- _PROBLEM TO WORK ON_
Pictures are to be dropped. Everything else in the listing gets copied exactly.

- _DATASET EXCERPT_
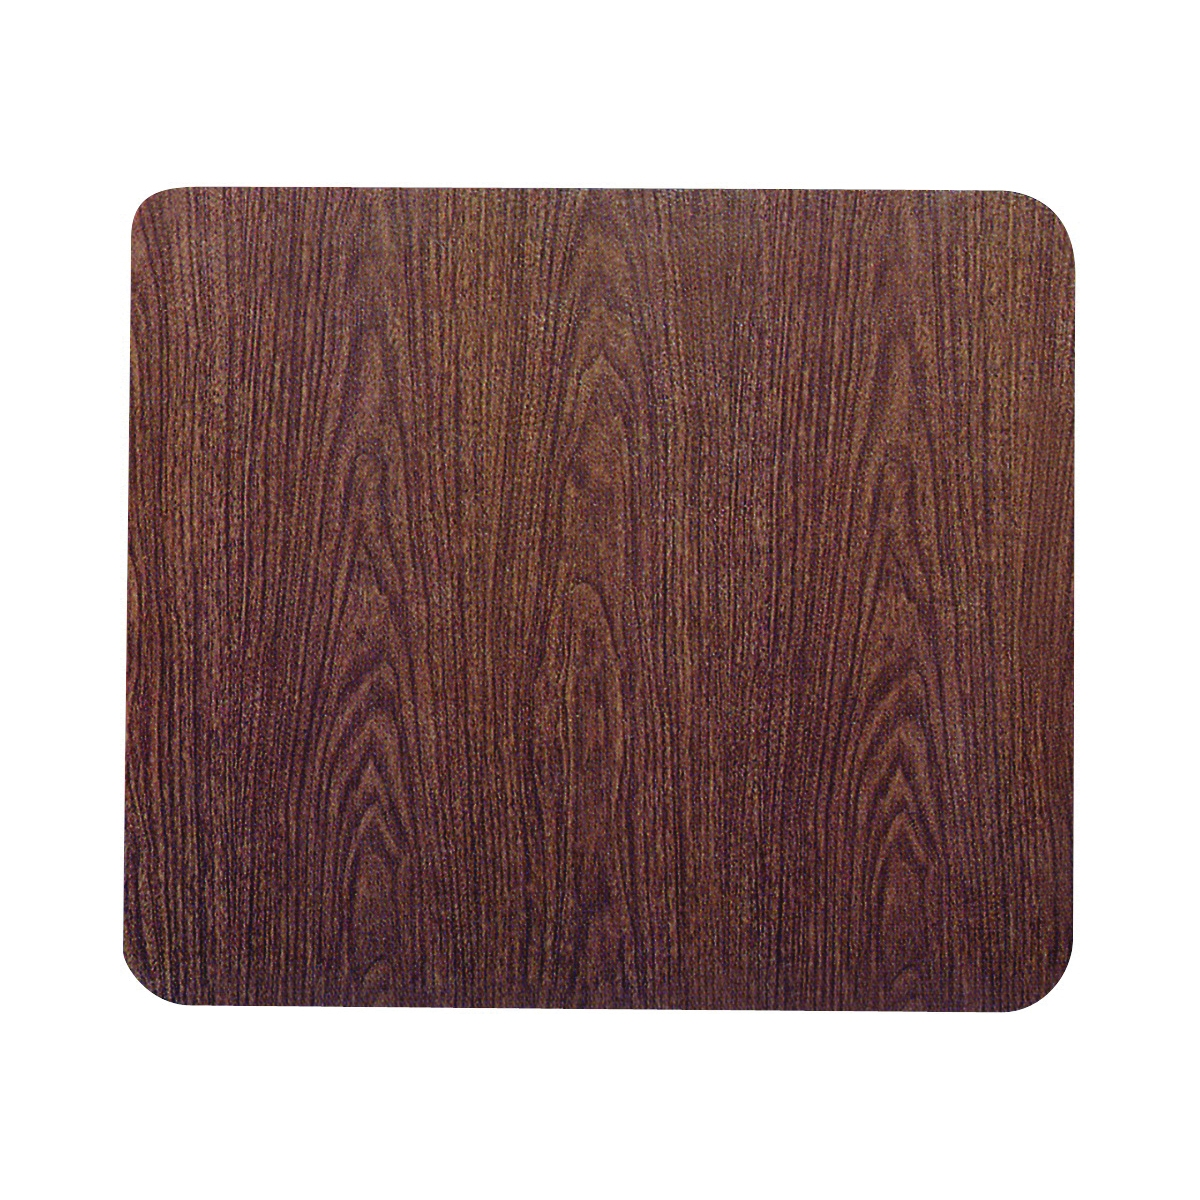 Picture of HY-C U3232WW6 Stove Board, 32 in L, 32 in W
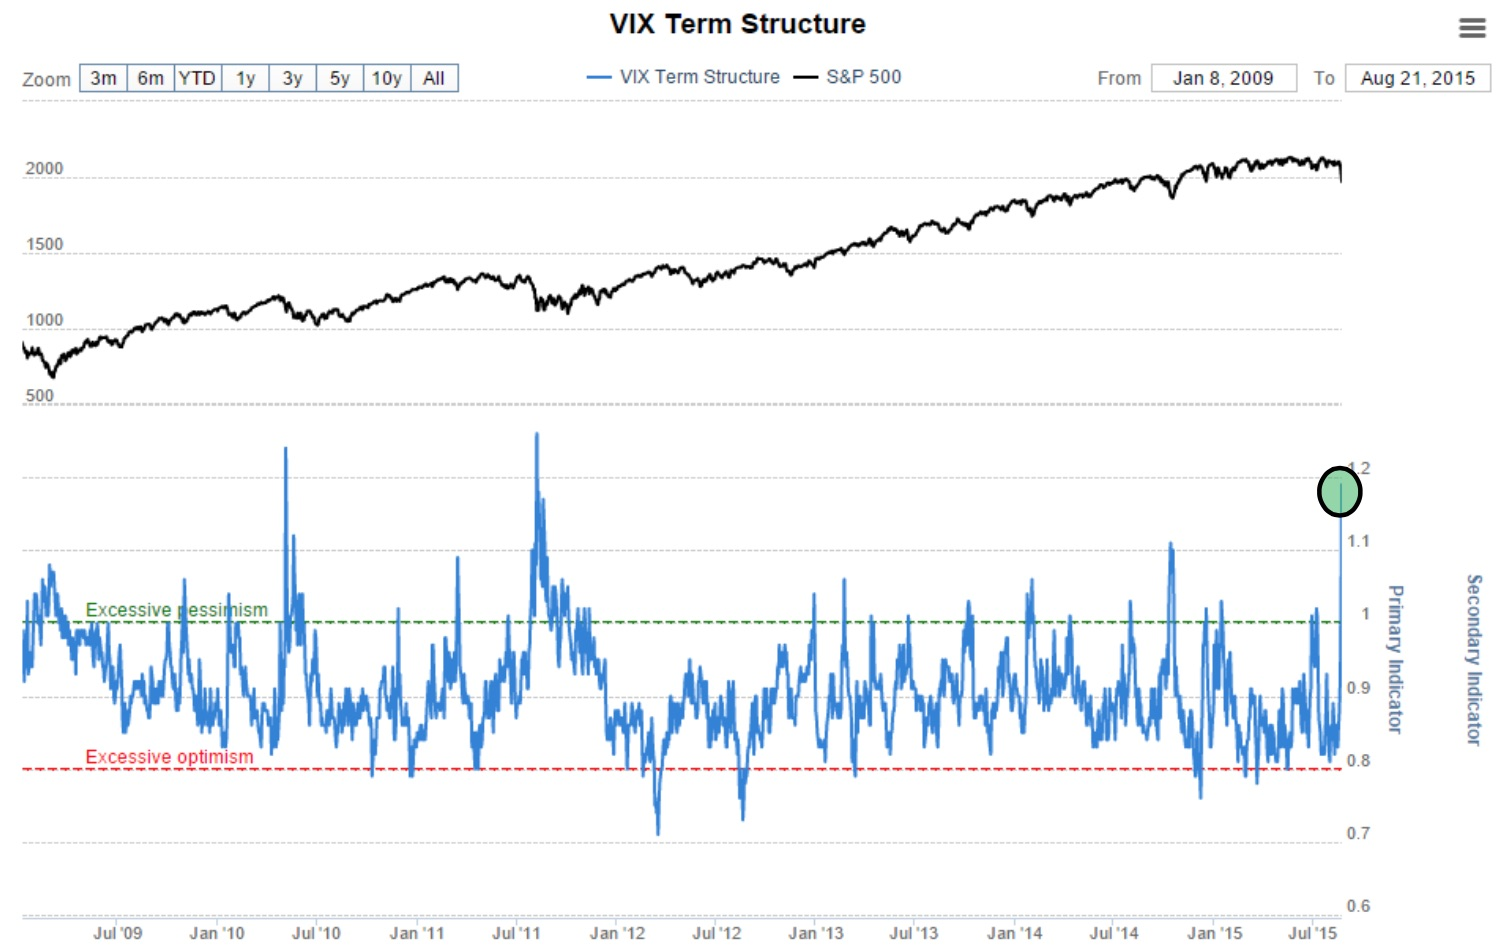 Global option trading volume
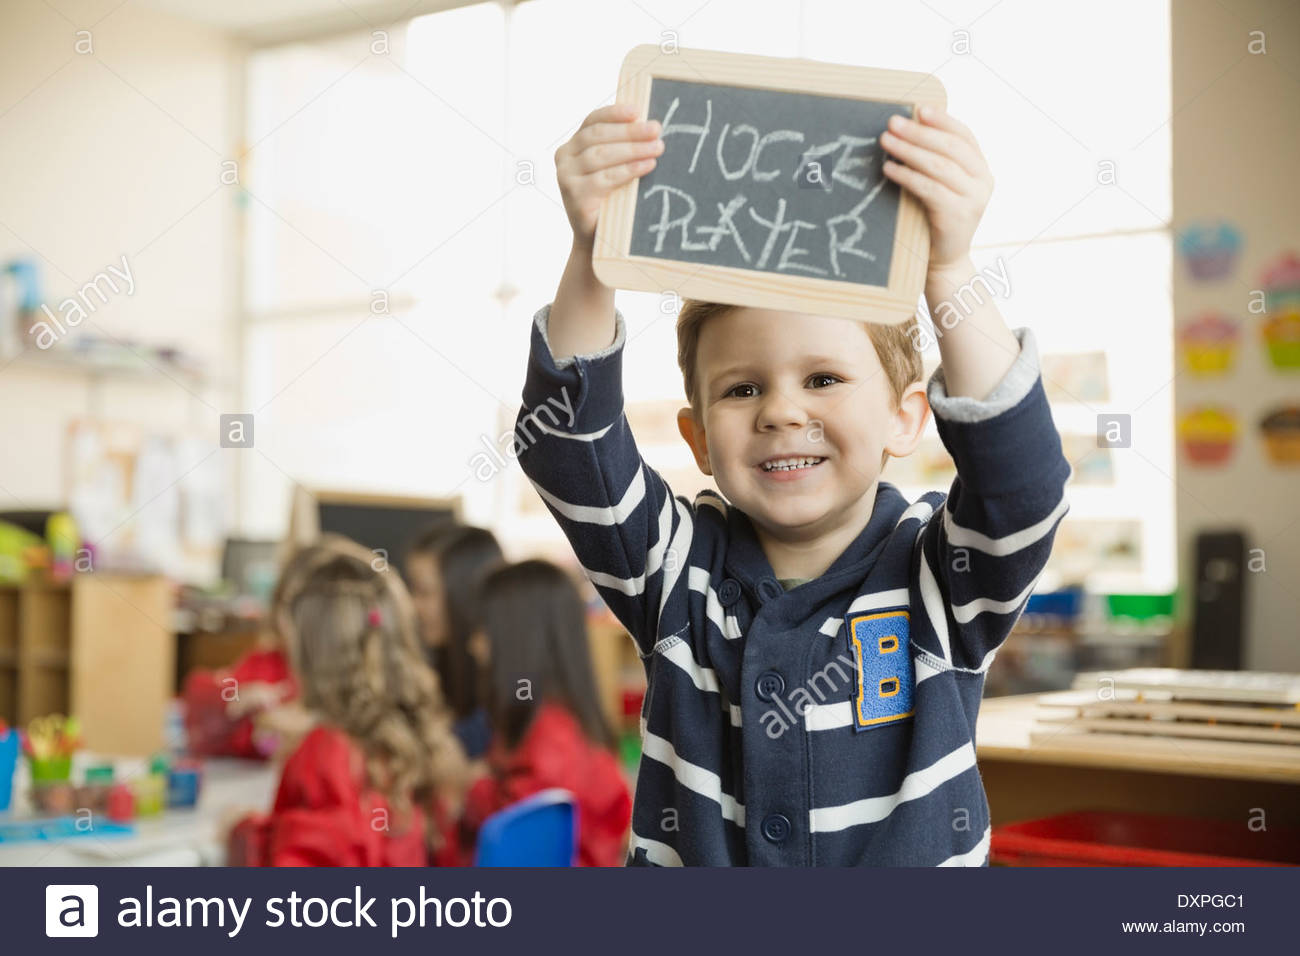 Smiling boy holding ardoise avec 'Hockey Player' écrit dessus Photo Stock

- _SOLUTION TO THIS PROBLEM_
 Picture of HY-C U3232WW6 Stove Board, 32 in L, 32 in W
 Global option trading volume
 Smiling boy holding ardoise avec 'Hockey Player' écrit dessus Photo Stock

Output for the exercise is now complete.